The complete amino acid sequence of scallop calmodulin was determined by isolating and sequencing the peptides obtained after cyanogen bromide cleavage and tryptic digestion. The protein consisted of 148 amino acid residues and its amino(N)-terminus was blocked with an acetyl group. Scallop calmodulin lacked tryptophan and cysteine residues and contained one mol each of N epsilon-trimethyllysine (Tml) and histidine residues per mol of the protein. Scallop calmodulin contained only one tyrosine residue, while vertebrate calmodulins contain two. On comparing its amino acid sequence with that of bovine calmodulin, three amino acid substitutions were found at positions 99(Tyr leads to Phe), 143(Gln leads to Thr), and 147(Ala leads to Ser).

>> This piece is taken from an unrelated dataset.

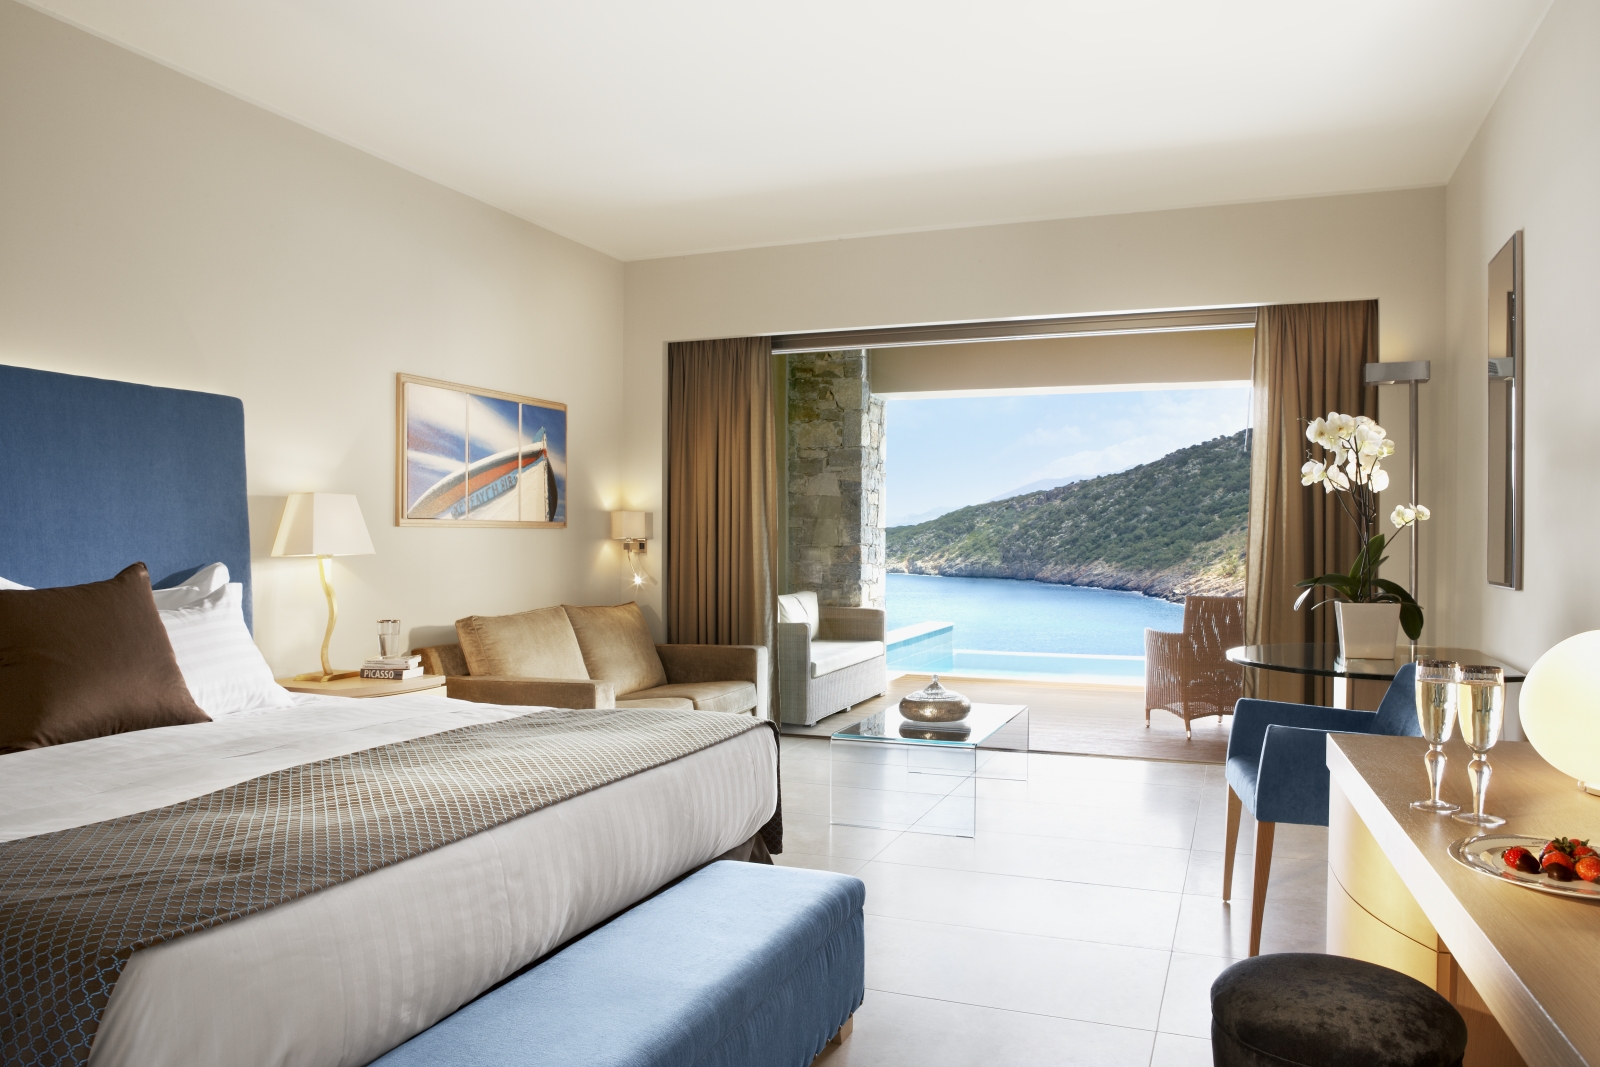 Deluxe Room with private pool and sea view at luxury resort Daios Cove in Greece

通过分离和测序溴化氰裂解及胰蛋白酶消化后得到的肽段,确定了扇贝钙调蛋白的完整氨基酸序列。该蛋白质由148个氨基酸残基组成,其氨基(N)末端被乙酰基封闭。扇贝钙调蛋白缺乏色氨酸和半胱氨酸残基,每摩尔蛋白质含有1摩尔的Nε-三甲基赖氨酸(Tml)和组氨酸残基。扇贝钙调蛋白仅含有一个酪氨酸残基,而脊椎动物钙调蛋白含有两个。将其氨基酸序列与牛钙调蛋白的序列进行比较,发现在第99位(酪氨酸变为苯丙氨酸)、143位(谷氨酰胺变为苏氨酸)和147位(丙氨酸变为丝氨酸)有三个氨基酸替换。